I don't own Fate/Stay Zero or the characters.
My name is Arturia Uther Pendragon. I used to be a king. Long ago when Britain was still young, before its rise to prominence, I ruled a fickle people with the assistance of a peculiar wizard and a group of valiant, yet very human knights. They had sworn oaths to serve their ascetic liege whose severity could not be overestimated. That same quality—of denying oneself the luxury of emotion—which allowed me to rule effectively, ironically led to my downfall. How could I describe the intensity of the feelings washing over me that day under the oak, having barred them for so long; since with the loss of my kingship came the loss of that cherished mental barrier.
The path of a warrior is a lonely one. The tales are not exaggerated. For every enemy my knights dispatched, I savagely laid ten to rest. While my generals expressed reluctance every time we burned down a village, I didn't flinch. And with Excalibur at my side and Avalon on my back I must've seemed superhuman, otherworldly, to those passing by, like I had been forged from a thicker stock, a child of the deceased gods, Zeus or Poseidon. Little did they know that under the armor, under the steely exterior, a young woman clung to the standard of her country with all her (in reality) feeble strength.
Perhaps if people had glimpsed a part of who she really was, they could have understood her position and why she did the things that she did. Maybe the revolt could have been diverted…
Anyways, only Bedivere, my last loyal knight, witnessed the extent of my sentiments and she's the last I would permit. Not even Irisviel von Einzbern will know how deeply affected I was by the betrayals and the shame which arose from the fact I was solely responsible for the civil unrest. You might argue that it wasn't my intent to separate Guinevere and Lancelot or alienate Mordred, but it doesn't excuse my selfishness. Obsessed with the duties of the king, I neglected to pay attention to the wants and needs of my subjects. Just because I did not experience such (what I thought at the time) trifle desires/emotions didn't mean others were not subjected to them. And so my mortal condition at the hands of my sort-of daughter can only be contributed to me.
Fast forward to the twentieth century in the islands called Japan off the coast of Asia when I am subservient to the whims of a single man, who prefers to operate in the background and whose philosophy grates with mine. Yet I cannot claim to not deserve this treatment. This is my punishment and I will bear it for the sake of my kingdom.
Others contend with me for the prize, remarkable men and women too, some heroic and others like me not interested in the cause of justice who nevertheless shook the foundations of the world.
Some warriors have fared well against me, even overpowered me, as Gilgamesh has done, but I was never especially hailed for my physical prowess. Still it's comforting to know that if I was once again joined with the magical sheath Avalon and if the Excalibur I held in my hands was the Excalibur returned to the lake, no one could stand in my way. (My ego needs to be satiated much like that of a man's.)
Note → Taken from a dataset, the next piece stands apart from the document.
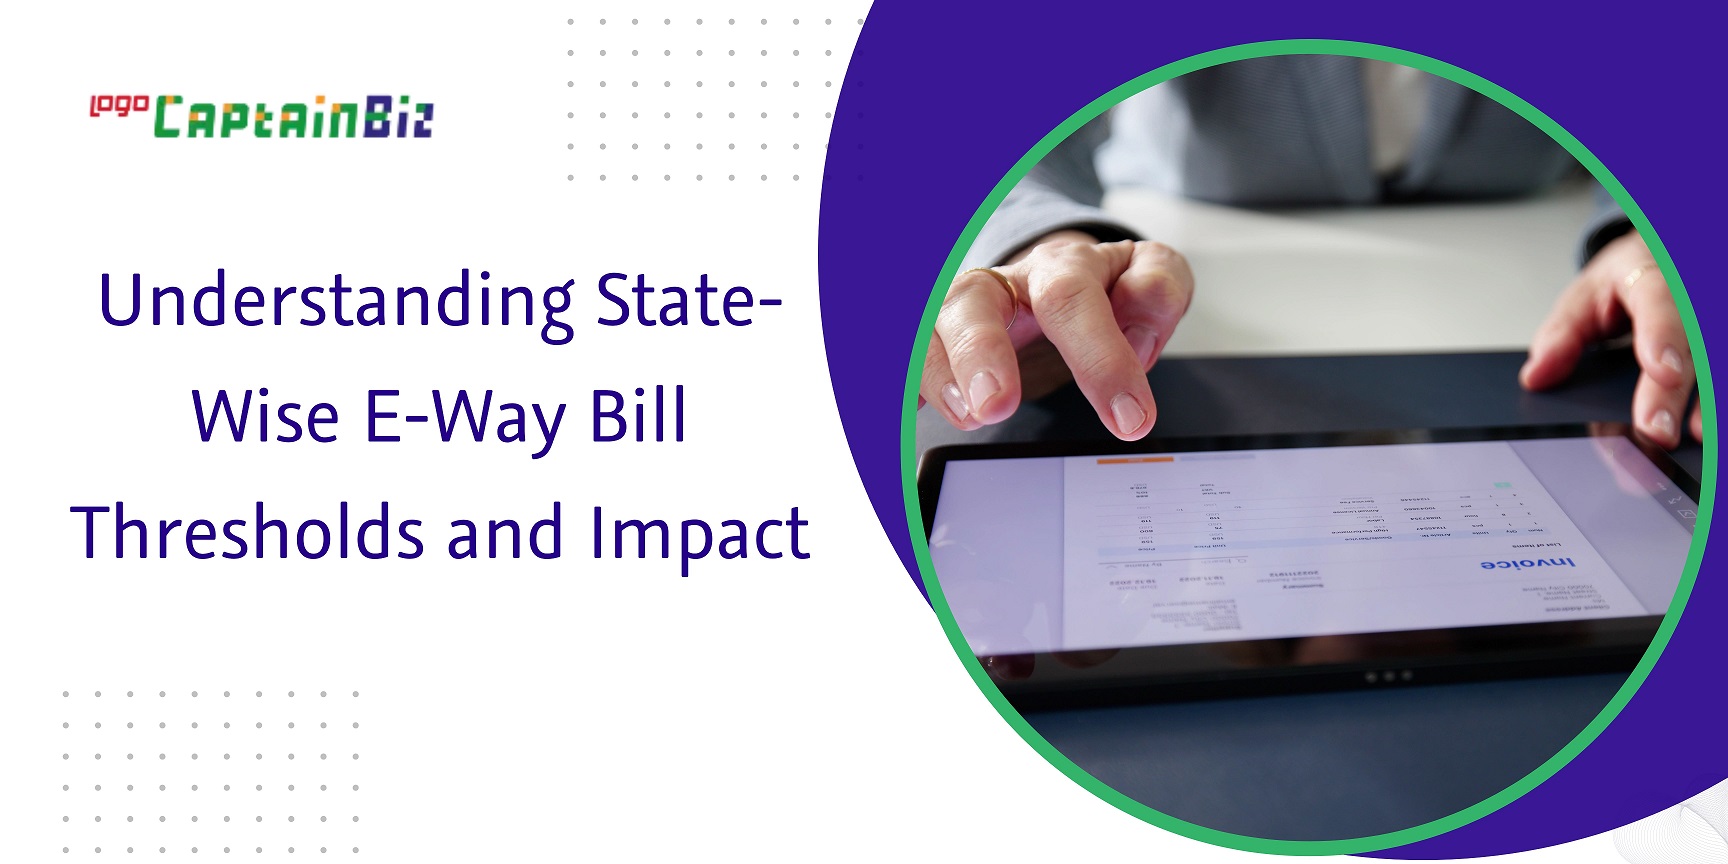 understanding state-wise e-way bill thresholds and impact
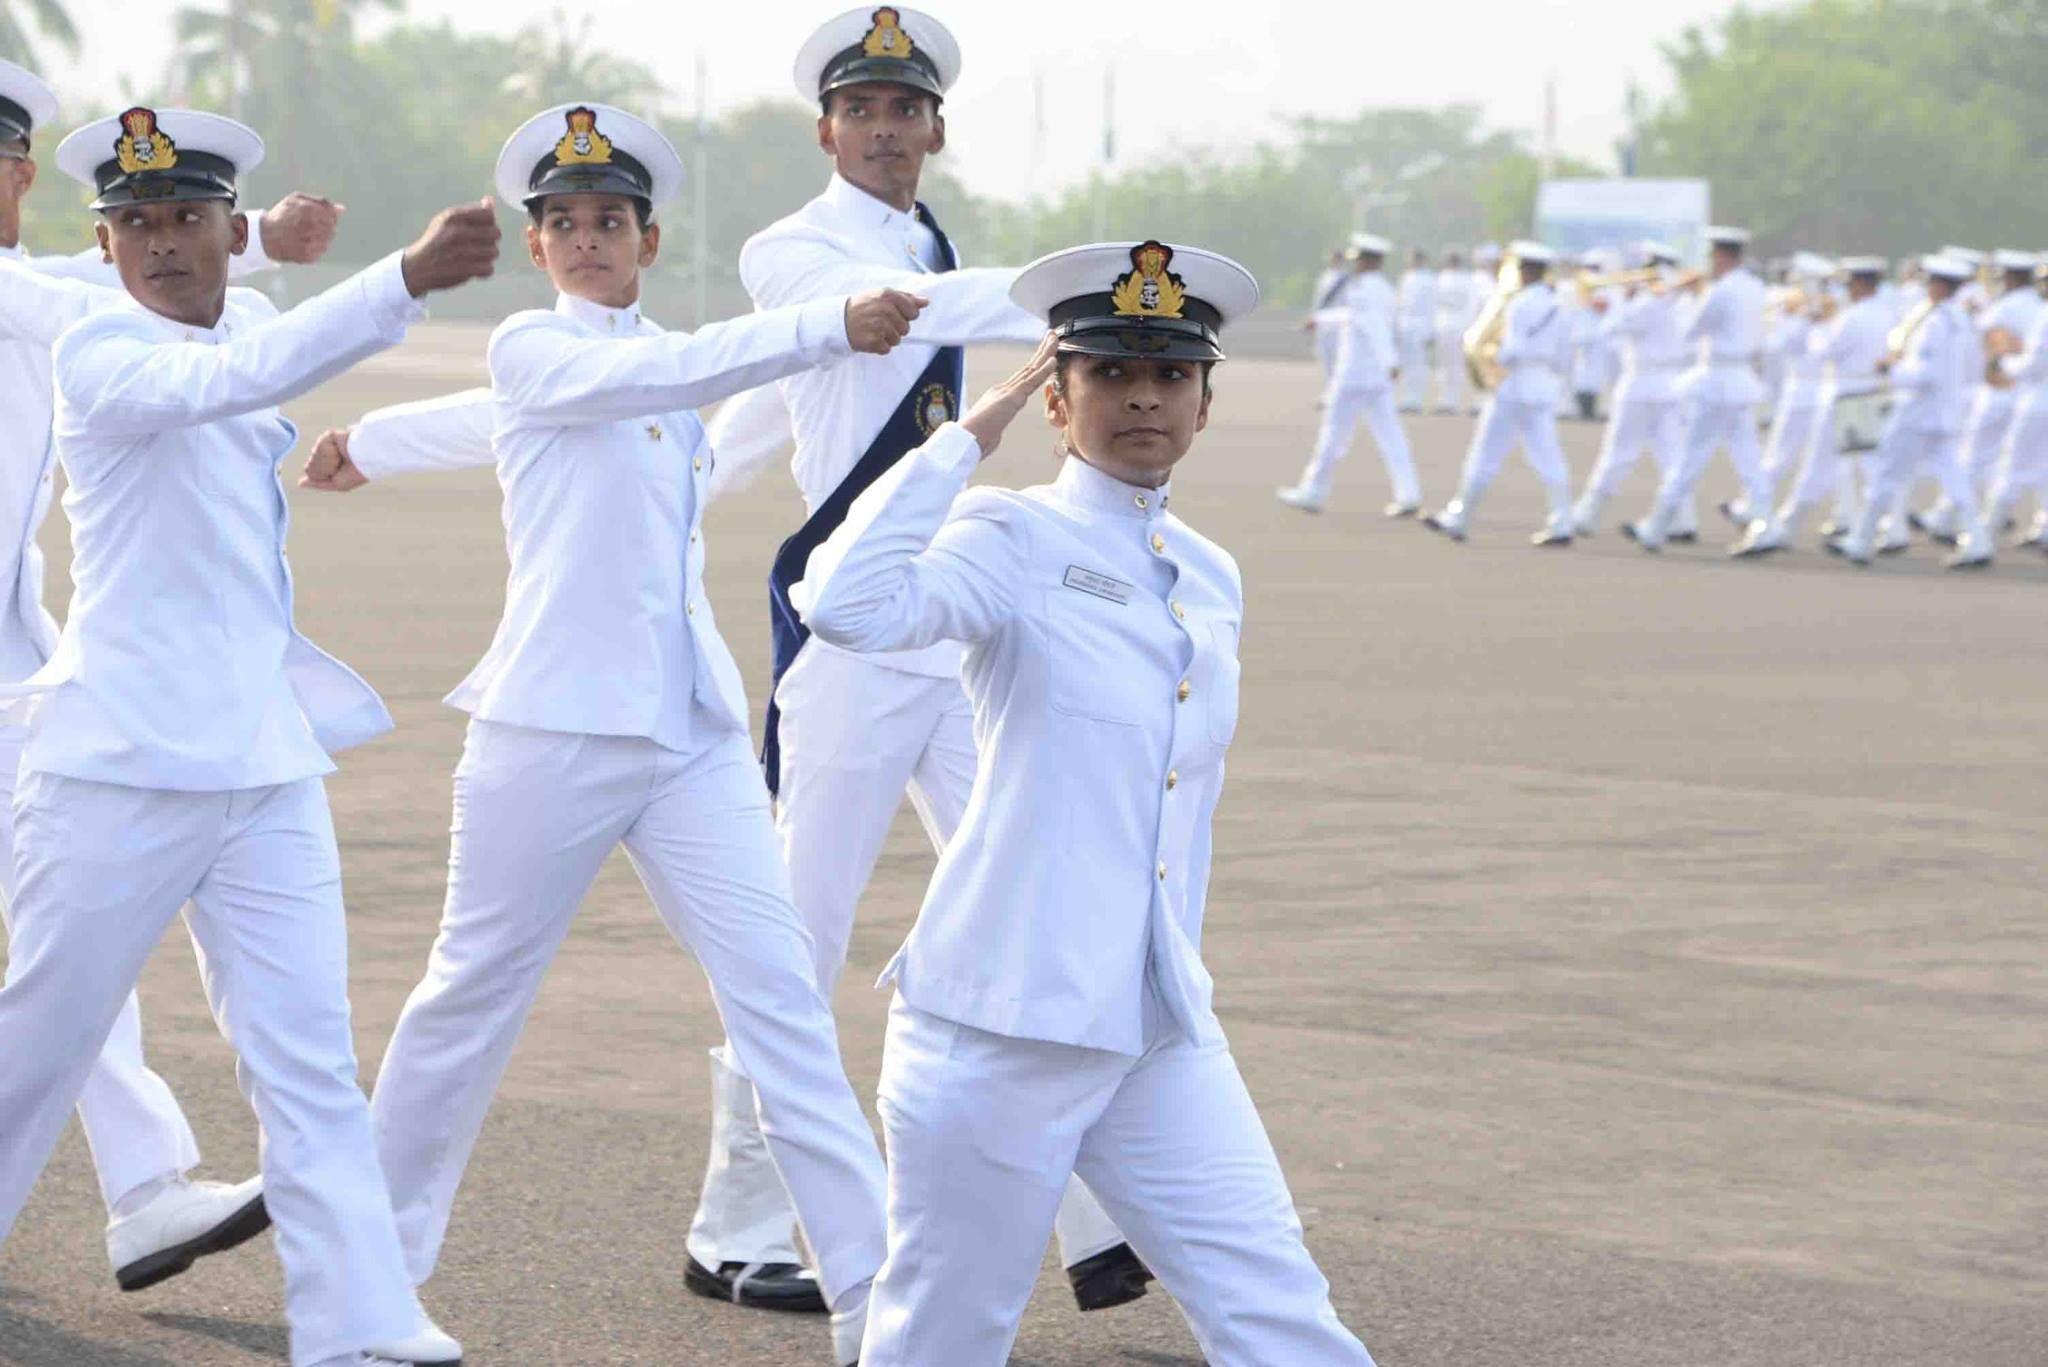 Indian Naval Academy Passing Out Parade 26 Nov 2016. Indian navy

Blasted command seals. I can not resist his orders much longer. Emiya Kiritsugu was dead set on taking away my only chance to save Britain from the Saxons and on the measly suspicion that the Holy Grail was corrupted! Nonetheless with the activation of the final seal I swung Excalibur down with tears in my eyes, knowing what waits on the other side: the rest of eternity as a Counter Guardian or my imminent death on that battlefield back in 537 A.D. As I faded away I desperately hoped for the former. I imagined Providence would not approve of my life thus far.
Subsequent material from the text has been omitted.